Hi! Well, here is the update...

It was not an umbilical hernia, but was called a ventral or incisional hernia, which I got because the c-section scar from my delivery of my son (i.e., the abdominal muscle incision) never healed properly.

I got it fixed (supposedly) in May 2006. The surgery SUCKED. I waited over a year to get the surgery, which I think 20/20 hindsight was a huge mistake because it just gets bigger and bigger the longer you wait. I was all obsessed with how could I be away from my baby for 4 hours, etc. so I just delayed it as long as possible. So it went from a small hernia (i.e., a simple surgery) to a big hernia and a pretty complicated surgery. I still was nursing and so pumped etc. but it did make it easier that my son was walking and so could get himself into position to nurse and I didn't have to hold him ALL the time anymore like when he was an infant. But still, it was more a complicated surgery. I did not get general, just a local (and obviously a sedative so I was asleep) and it was "outpatient" so I went home a couple of hours later, and I ended up in A LOT of pain. Recovery was WORSE than the c-section, hands down. If I had gotten surgery when he was say 4 months old, I would have had a few days of my mom getting gobs of baby time in, staying in bed, nursing propped up on pillows. Big deal... it's like having a baby! lol But 3-4 days later and I would have felt great. Instead I was in a lot of pain for over a month. I could barely lift him even 2 months later. I pumped diligently immediately before my surgery (to give to him) and after surgery (to dump) but he didn't even want to nurse because I was home 5 or 6 hours later and he was fine. If he'd have been a newborn, I would have just asked my dh to bring him to the hospital and get the nurses to prop me up to nurse him.

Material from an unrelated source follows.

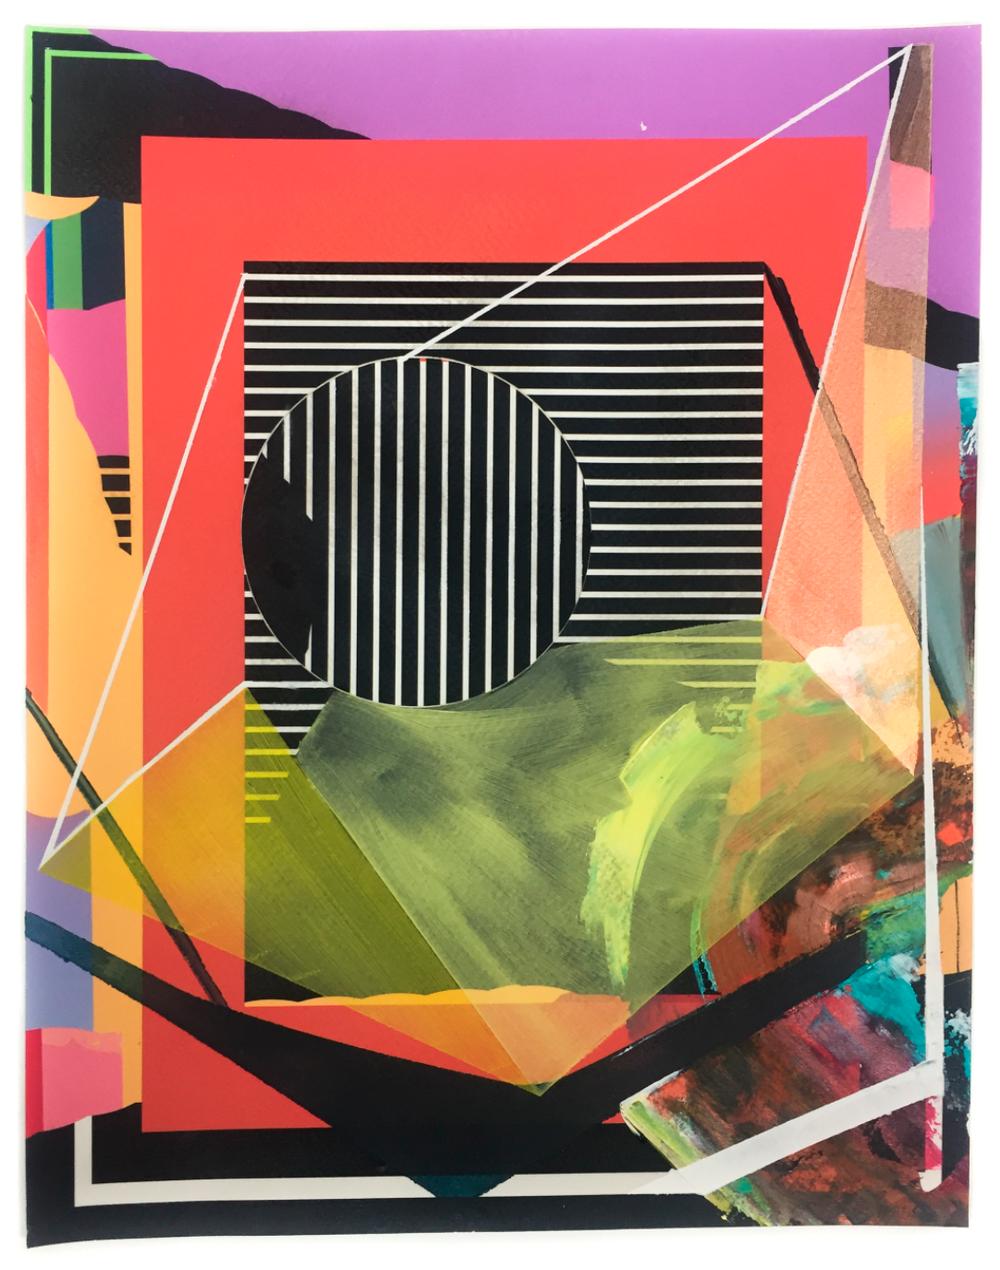 IRSKIY x JENNIFFER OMAITZ - Acrylic on Giclee Print2017

I can see that I had options back then but I was too focused on not being separated from him for the hour or whatever of surgery--- anyway, understandable I suppose but in hindsight, totally stupid and totally the WRONG decision.

Fast forward to last summer (June 2007). A bulge was reappearing - kind of like a golf ball in my lower belly and I got a note that the mesh patch used to fix the hernia was RECALLED by the FDA.

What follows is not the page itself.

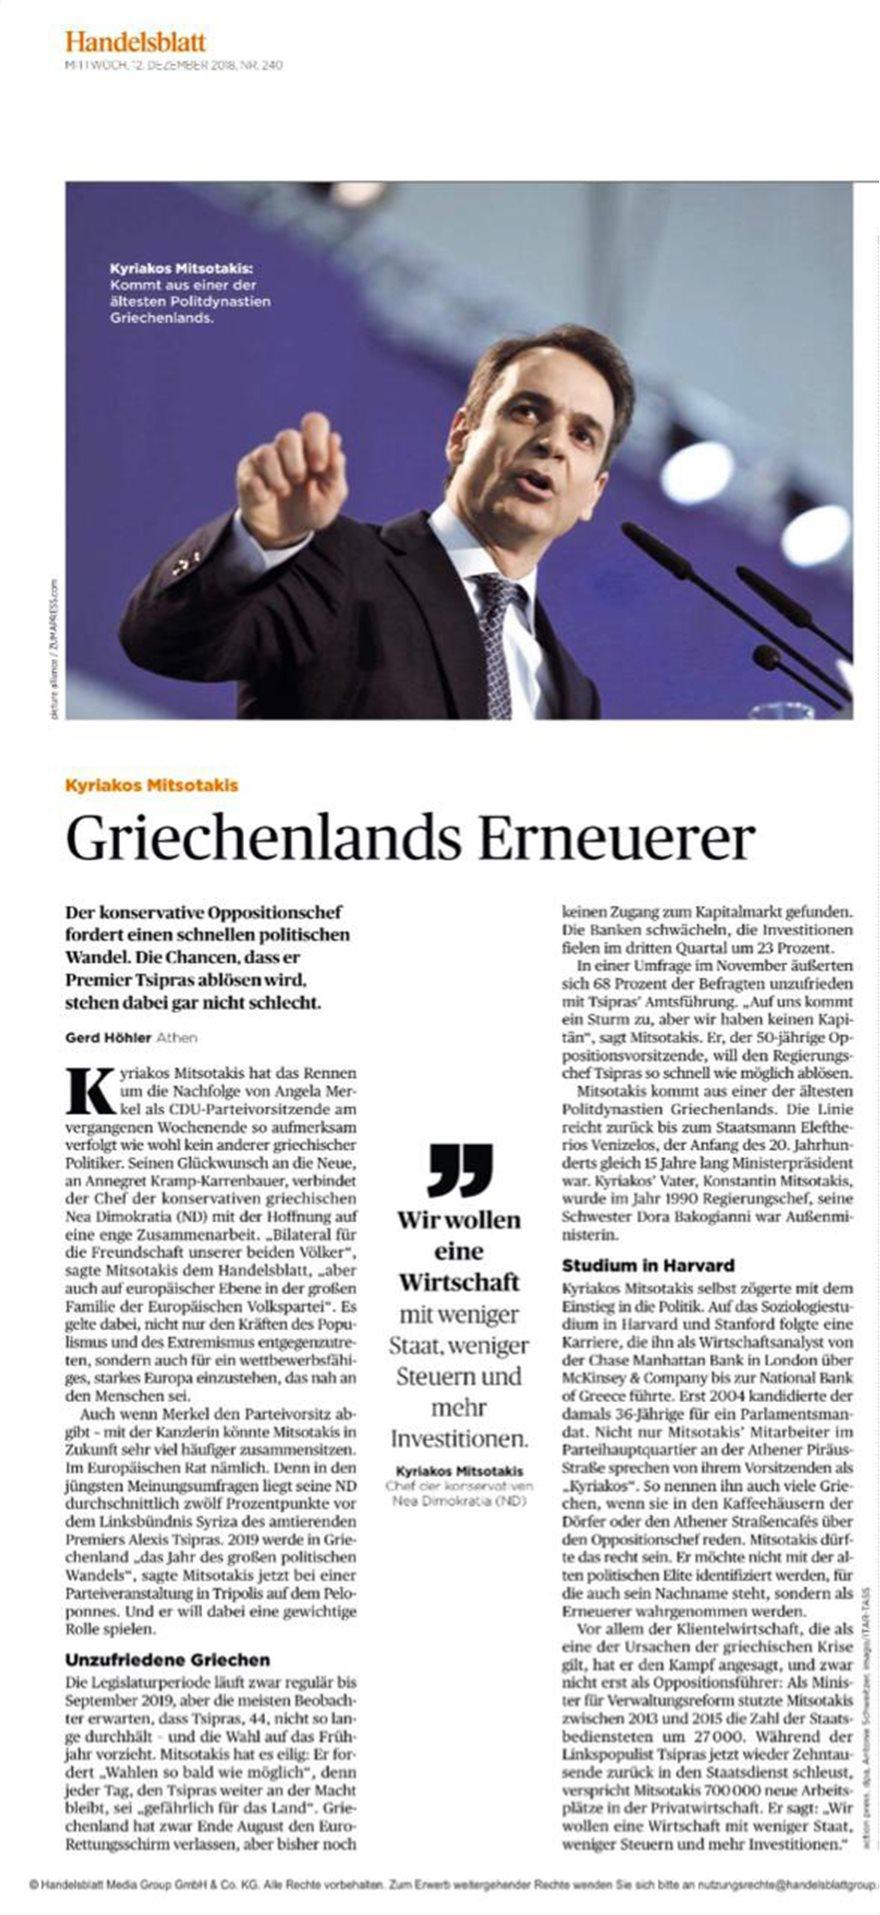 Handelsblatt: Γιατί ο Μητσοτάκης μπορεί να αντικαταστήσει τον Αλέξη Τσίπρα - Φωτογραφία 2

Not something you want to hear about a medical device that is inside your body. I had a CT scan to check it and the surgeon (a new surgeon this time







) said it had migrated and was failing but we'd check in in Dec. So in Dec 07 (this past xmas) I had a follow-up CT scan and the mesh had migrated further and this time I had a full recurrence - i.e., I had a hernia AGAIN.

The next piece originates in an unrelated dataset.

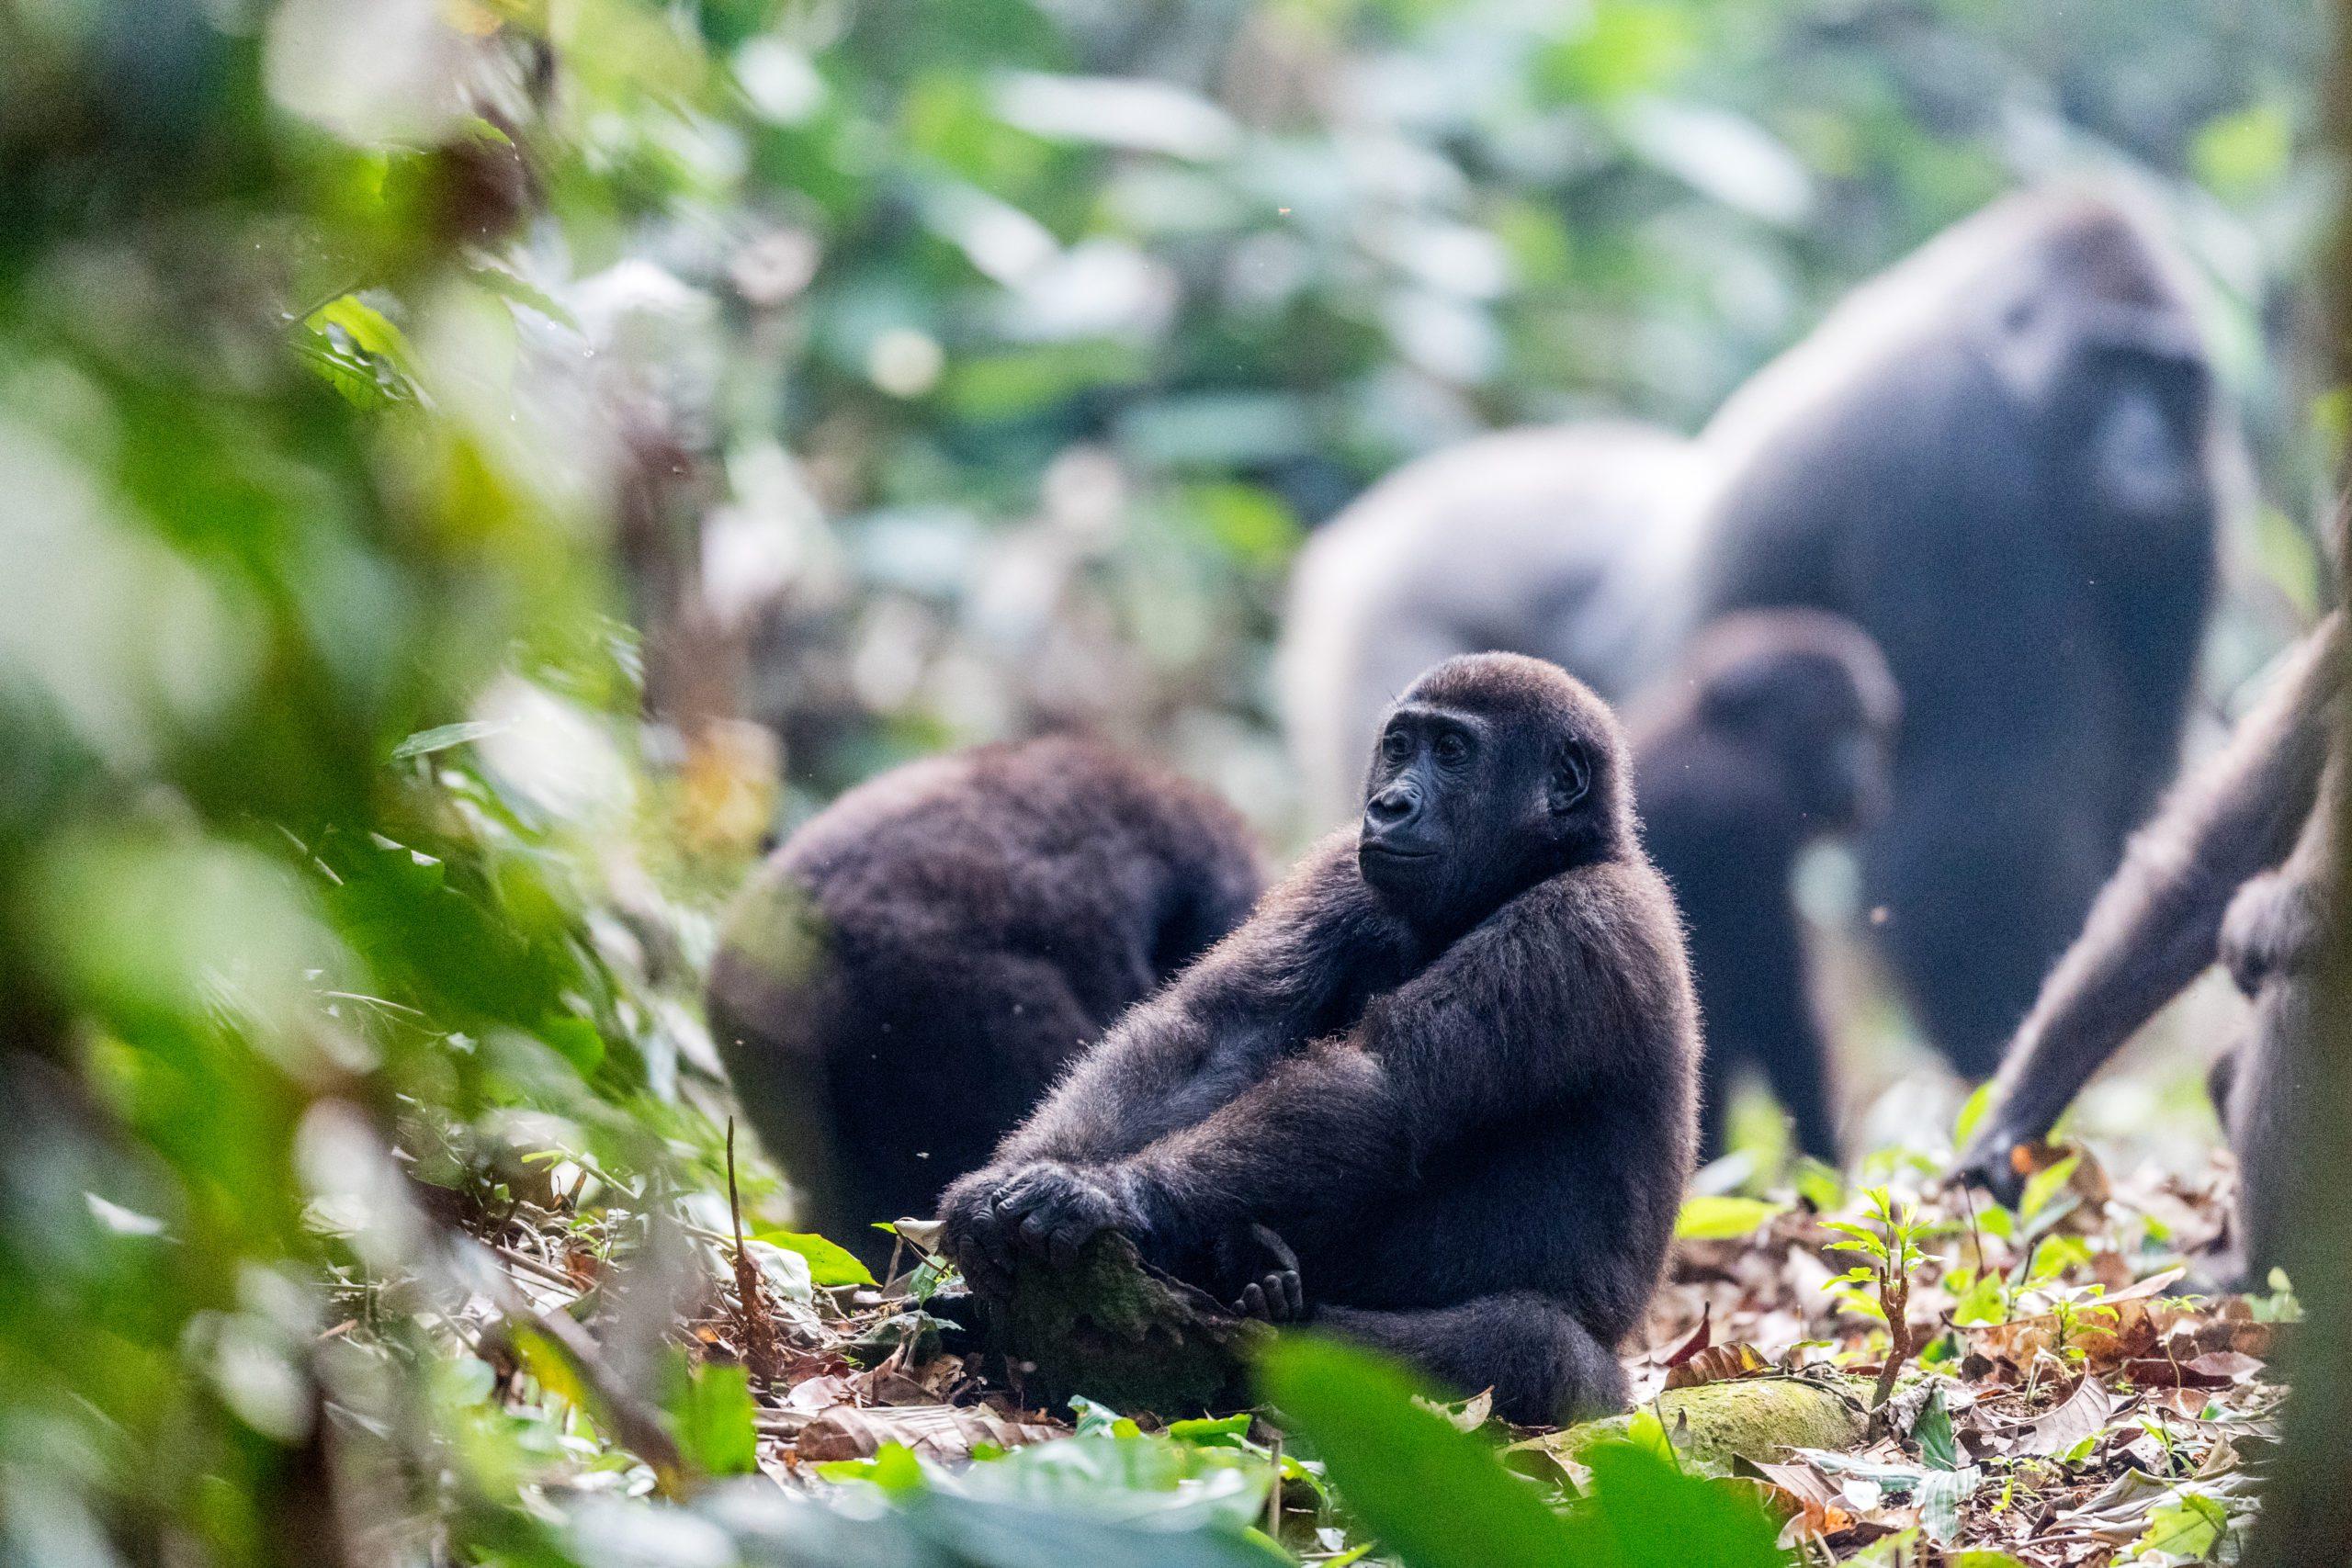 Congo Gorilla Ngaga Camp gorilla sitting with other gorillas

So... I went in in January 08 (2 mos. ago) for a repair of the hernia. It was a mess. General anesthesia, I was in the hosp. for 4 days, the repair was a MESS. The mesh had migrated into my abdominal cavity, I had to do this crazy bowel prep because they thought they *might* have to do a bowel resection because there was a loop of bowel they thought was attached to the old mesh. It turned out it wasn't (thank god). The surgery was serious - my scar goes all the way across my lower belly. But it was repaired. I am crossing everything I have that it holds - it was a straight surgical repair (just sutures, no mesh) because the abdominal tissue was so badly destroyed the risk of infection was too great to insert a foreign body in there just to have to take it out again if it got infected. So we're hoping this one holds. The recovery from this one I liken to a c-section. Even though it was a more intensive operation, I had general, and the scar is bigger. It just felt RIGHT from day 1, unlike last time when it hurt badly and felt weird from day 1, probably because the mesh failed as soon as it was inserted.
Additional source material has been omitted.